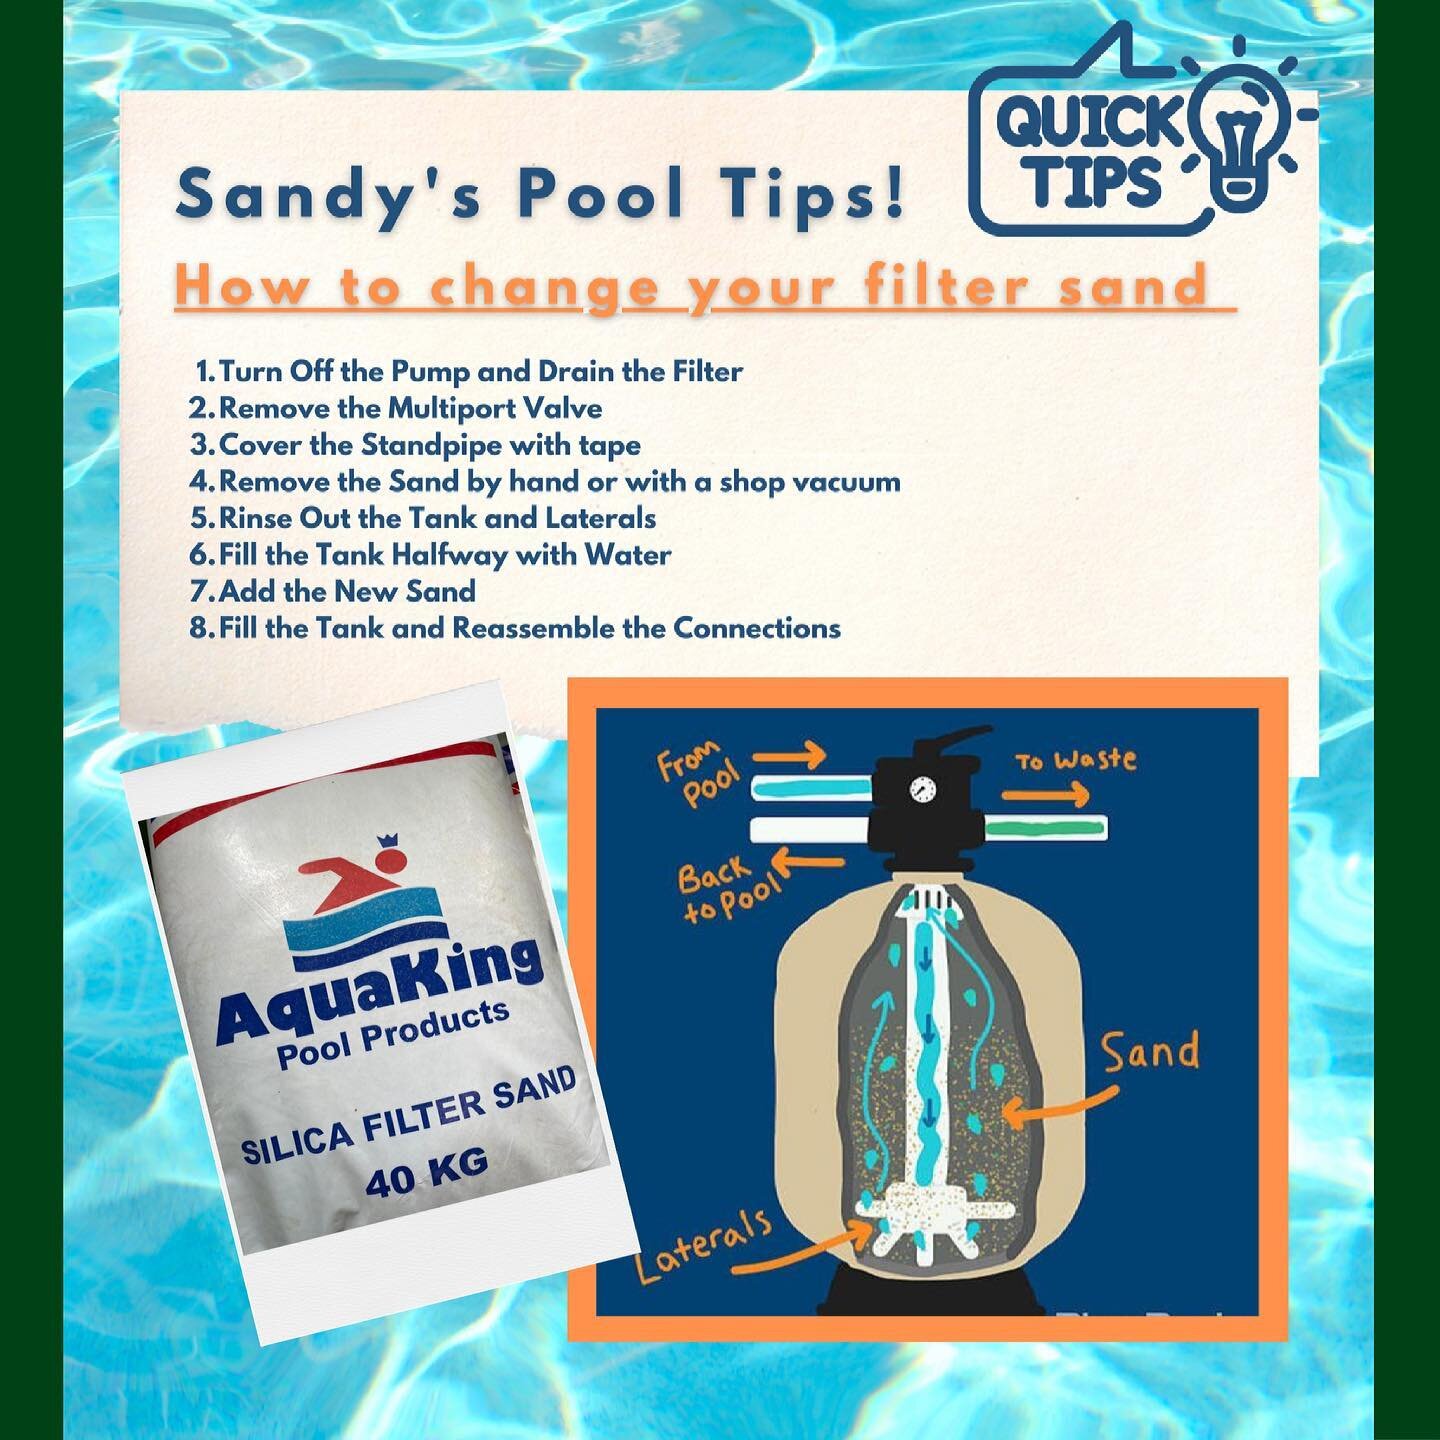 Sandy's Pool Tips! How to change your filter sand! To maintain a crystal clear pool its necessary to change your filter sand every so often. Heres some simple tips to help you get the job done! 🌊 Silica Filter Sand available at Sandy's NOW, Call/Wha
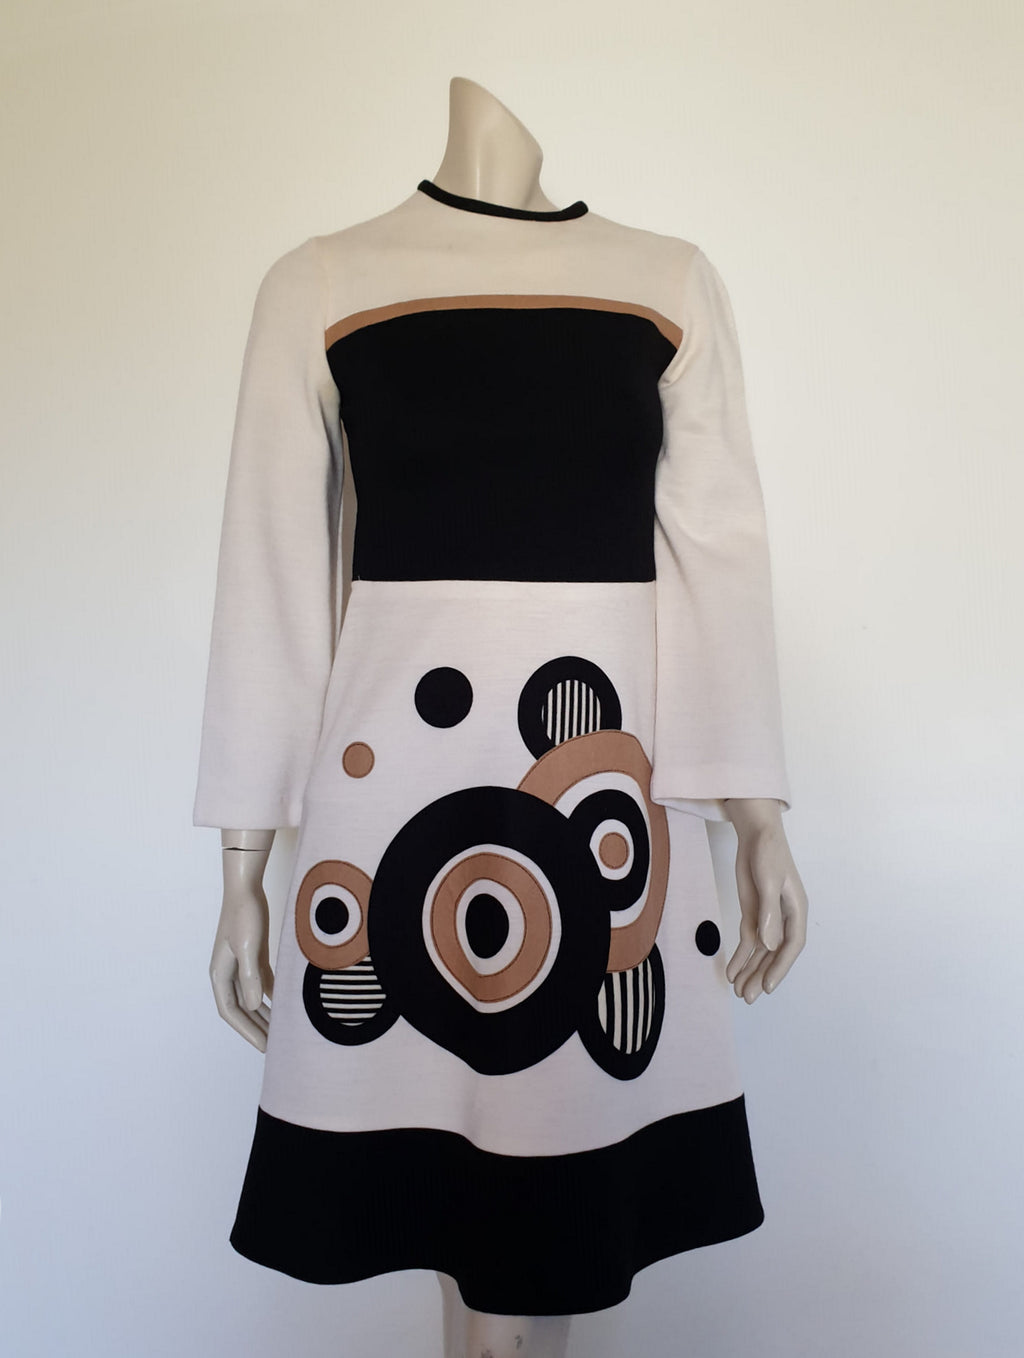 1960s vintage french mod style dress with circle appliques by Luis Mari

...

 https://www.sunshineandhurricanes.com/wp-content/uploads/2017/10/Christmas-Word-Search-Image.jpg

...

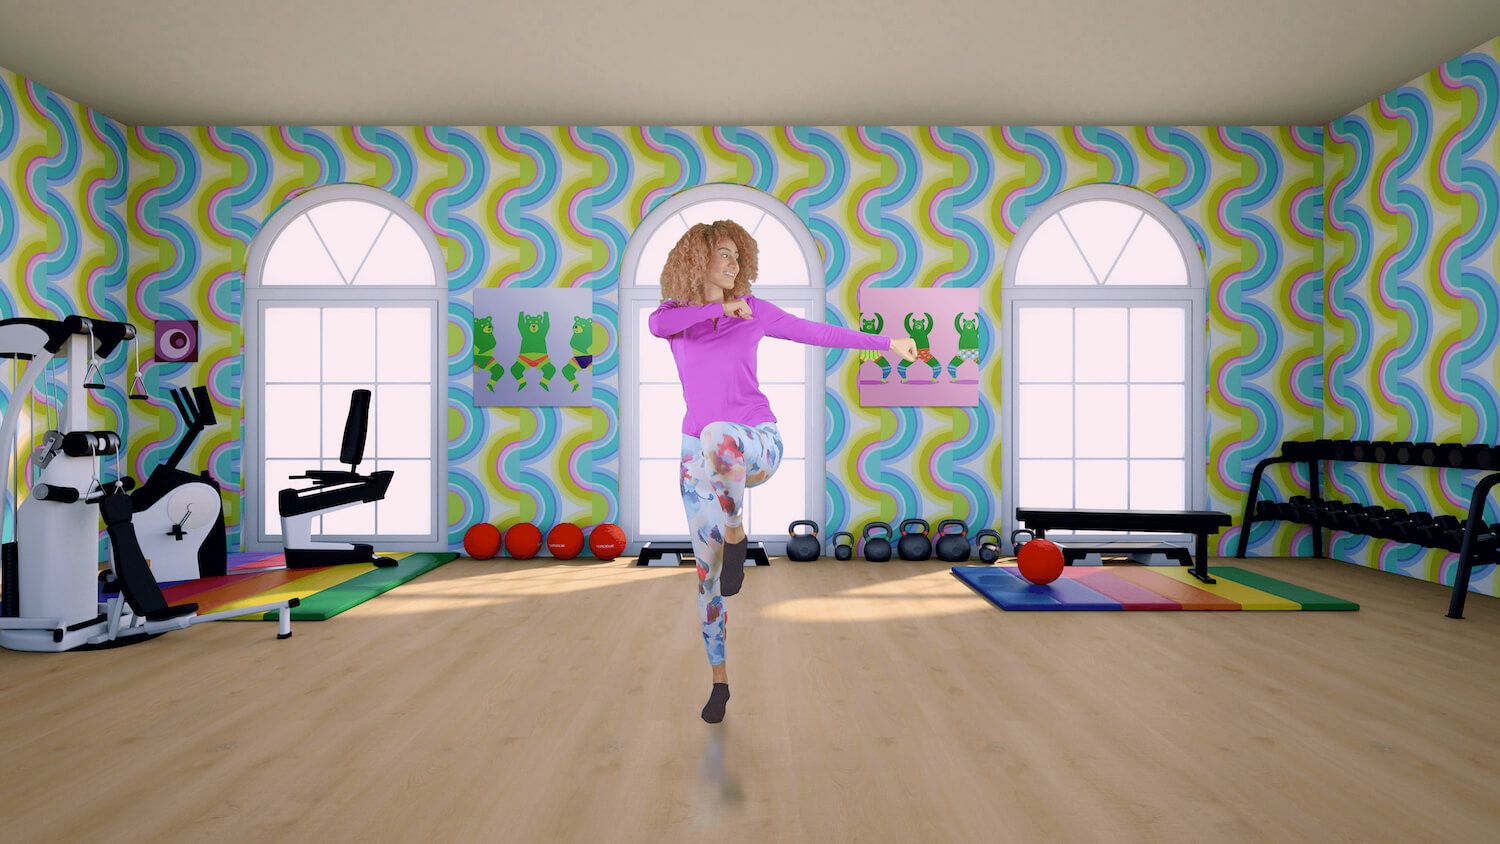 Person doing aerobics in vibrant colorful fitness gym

## Task directions
Would you give again, exactly, the lines in the data above that run from the line containing "Sandy's Pool Tips!" to the line containing "1960s vintage french"? Include both ends and no pictures.

## Exercise output
 Sandy's Pool Tips! How to change your filter sand! To maintain a crystal clear pool its necessary to change your filter sand every so often. Heres some simple tips to help you get the job done! 🌊 Silica Filter Sand available at Sandy's NOW, Call/Wha
 1960s vintage french mod style dress with circle appliques by Luis Mari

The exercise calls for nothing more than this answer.